**TASK DESCRIPTION:**
Will you write out all the entries below exactly?

(Saved data entries)
___
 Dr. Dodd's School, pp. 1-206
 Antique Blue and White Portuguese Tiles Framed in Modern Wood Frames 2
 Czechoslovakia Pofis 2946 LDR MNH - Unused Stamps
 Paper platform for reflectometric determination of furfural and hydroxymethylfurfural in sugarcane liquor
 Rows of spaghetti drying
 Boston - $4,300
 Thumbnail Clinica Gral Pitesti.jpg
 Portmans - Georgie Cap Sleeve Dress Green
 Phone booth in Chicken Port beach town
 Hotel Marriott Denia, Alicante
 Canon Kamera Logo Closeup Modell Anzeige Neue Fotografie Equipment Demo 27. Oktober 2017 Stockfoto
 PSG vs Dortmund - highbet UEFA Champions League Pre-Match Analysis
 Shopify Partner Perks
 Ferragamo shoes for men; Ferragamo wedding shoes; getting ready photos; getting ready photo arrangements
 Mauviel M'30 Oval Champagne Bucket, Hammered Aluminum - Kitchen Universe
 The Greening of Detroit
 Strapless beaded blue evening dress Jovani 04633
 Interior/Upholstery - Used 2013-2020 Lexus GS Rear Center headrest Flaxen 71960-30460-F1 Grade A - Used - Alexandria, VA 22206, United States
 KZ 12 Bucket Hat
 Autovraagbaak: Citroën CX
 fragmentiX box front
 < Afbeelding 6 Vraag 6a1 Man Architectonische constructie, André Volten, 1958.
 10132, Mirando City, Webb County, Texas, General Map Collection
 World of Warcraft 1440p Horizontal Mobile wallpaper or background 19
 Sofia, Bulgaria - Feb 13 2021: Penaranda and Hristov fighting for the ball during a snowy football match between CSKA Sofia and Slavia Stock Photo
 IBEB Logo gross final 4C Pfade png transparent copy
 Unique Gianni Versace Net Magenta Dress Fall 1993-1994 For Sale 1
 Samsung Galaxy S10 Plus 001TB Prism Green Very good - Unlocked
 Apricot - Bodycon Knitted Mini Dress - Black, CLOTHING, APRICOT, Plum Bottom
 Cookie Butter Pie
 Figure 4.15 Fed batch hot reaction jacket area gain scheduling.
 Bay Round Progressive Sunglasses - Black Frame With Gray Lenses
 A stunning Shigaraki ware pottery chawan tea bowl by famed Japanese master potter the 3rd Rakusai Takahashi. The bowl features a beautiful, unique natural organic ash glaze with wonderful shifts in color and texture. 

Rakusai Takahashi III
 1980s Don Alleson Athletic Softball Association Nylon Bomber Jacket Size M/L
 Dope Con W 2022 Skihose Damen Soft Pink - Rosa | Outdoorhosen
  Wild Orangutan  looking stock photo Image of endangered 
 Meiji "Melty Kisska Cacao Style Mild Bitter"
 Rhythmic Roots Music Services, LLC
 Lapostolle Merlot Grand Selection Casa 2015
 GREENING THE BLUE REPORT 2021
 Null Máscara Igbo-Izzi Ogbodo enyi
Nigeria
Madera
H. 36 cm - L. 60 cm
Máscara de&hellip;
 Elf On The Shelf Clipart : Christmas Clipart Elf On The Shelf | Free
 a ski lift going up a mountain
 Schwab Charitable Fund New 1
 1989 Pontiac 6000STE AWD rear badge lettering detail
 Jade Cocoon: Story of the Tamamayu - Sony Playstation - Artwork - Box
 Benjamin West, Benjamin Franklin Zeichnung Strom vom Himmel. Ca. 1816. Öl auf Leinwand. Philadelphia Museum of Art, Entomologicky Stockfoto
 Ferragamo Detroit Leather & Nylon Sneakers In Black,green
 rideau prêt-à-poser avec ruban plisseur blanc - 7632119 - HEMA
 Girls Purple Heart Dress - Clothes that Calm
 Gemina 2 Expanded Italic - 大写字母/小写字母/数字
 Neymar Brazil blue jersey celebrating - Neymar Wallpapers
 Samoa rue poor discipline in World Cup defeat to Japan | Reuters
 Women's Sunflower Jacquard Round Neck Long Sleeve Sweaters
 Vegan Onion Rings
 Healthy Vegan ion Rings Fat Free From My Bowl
___
**RESPONSE BELOW:**
 Dr. Dodd's School, pp. 1-206
 Antique Blue and White Portuguese Tiles Framed in Modern Wood Frames 2
 Czechoslovakia Pofis 2946 LDR MNH - Unused Stamps
 Paper platform for reflectometric determination of furfural and hydroxymethylfurfural in sugarcane liquor
 Rows of spaghetti drying
 Boston - $4,300
 Thumbnail Clinica Gral Pitesti.jpg
 Portmans - Georgie Cap Sleeve Dress Green
 Phone booth in Chicken Port beach town
 Hotel Marriott Denia, Alicante
 Canon Kamera Logo Closeup Modell Anzeige Neue Fotografie Equipment Demo 27. Oktober 2017 Stockfoto
 PSG vs Dortmund - highbet UEFA Champions League Pre-Match Analysis
 Shopify Partner Perks
 Ferragamo shoes for men; Ferragamo wedding shoes; getting ready photos; getting ready photo arrangements
 Mauviel M'30 Oval Champagne Bucket, Hammered Aluminum - Kitchen Universe
 The Greening of Detroit
 Strapless beaded blue evening dress Jovani 04633
 Interior/Upholstery - Used 2013-2020 Lexus GS Rear Center headrest Flaxen 71960-30460-F1 Grade A - Used - Alexandria, VA 22206, United States
 KZ 12 Bucket Hat
 Autovraagbaak: Citroën CX
 fragmentiX box front
 < Afbeelding 6 Vraag 6a1 Man Architectonische constructie, André Volten, 1958.
 10132, Mirando City, Webb County, Texas, General Map Collection
 World of Warcraft 1440p Horizontal Mobile wallpaper or background 19
 Sofia, Bulgaria - Feb 13 2021: Penaranda and Hristov fighting for the ball during a snowy football match between CSKA Sofia and Slavia Stock Photo
 IBEB Logo gross final 4C Pfade png transparent copy
 Unique Gianni Versace Net Magenta Dress Fall 1993-1994 For Sale 1
 Samsung Galaxy S10 Plus 001TB Prism Green Very good - Unlocked
 Apricot - Bodycon Knitted Mini Dress - Black, CLOTHING, APRICOT, Plum Bottom
 Cookie Butter Pie
 Figure 4.15 Fed batch hot reaction jacket area gain scheduling.
 Bay Round Progressive Sunglasses - Black Frame With Gray Lenses
 A stunning Shigaraki ware pottery chawan tea bowl by famed Japanese master potter the 3rd Rakusai Takahashi. The bowl features a beautiful, unique natural organic ash glaze with wonderful shifts in color and texture. 

Rakusai Takahashi III
 1980s Don Alleson Athletic Softball Association Nylon Bomber Jacket Size M/L
 Dope Con W 2022 Skihose Damen Soft Pink - Rosa | Outdoorhosen
  Wild Orangutan  looking stock photo Image of endangered 
 Meiji "Melty Kisska Cacao Style Mild Bitter"
 Rhythmic Roots Music Services, LLC
 Lapostolle Merlot Grand Selection Casa 2015
 GREENING THE BLUE REPORT 2021
 Null Máscara Igbo-Izzi Ogbodo enyi
Nigeria
Madera
H. 36 cm - L. 60 cm
Máscara de&hellip;
 Elf On The Shelf Clipart : Christmas Clipart Elf On The Shelf | Free
 a ski lift going up a mountain
 Schwab Charitable Fund New 1
 1989 Pontiac 6000STE AWD rear badge lettering detail
 Jade Cocoon: Story of the Tamamayu - Sony Playstation - Artwork - Box
 Benjamin West, Benjamin Franklin Zeichnung Strom vom Himmel. Ca. 1816. Öl auf Leinwand. Philadelphia Museum of Art, Entomologicky Stockfoto
 Ferragamo Detroit Leather & Nylon Sneakers In Black,green
 rideau prêt-à-poser avec ruban plisseur blanc - 7632119 - HEMA
 Girls Purple Heart Dress - Clothes that Calm
 Gemina 2 Expanded Italic - 大写字母/小写字母/数字
 Neymar Brazil blue jersey celebrating - Neymar Wallpapers
 Samoa rue poor discipline in World Cup defeat to Japan | Reuters
 Women's Sunflower Jacquard Round Neck Long Sleeve Sweaters
 Vegan Onion Rings
 Healthy Vegan ion Rings Fat Free From My Bowl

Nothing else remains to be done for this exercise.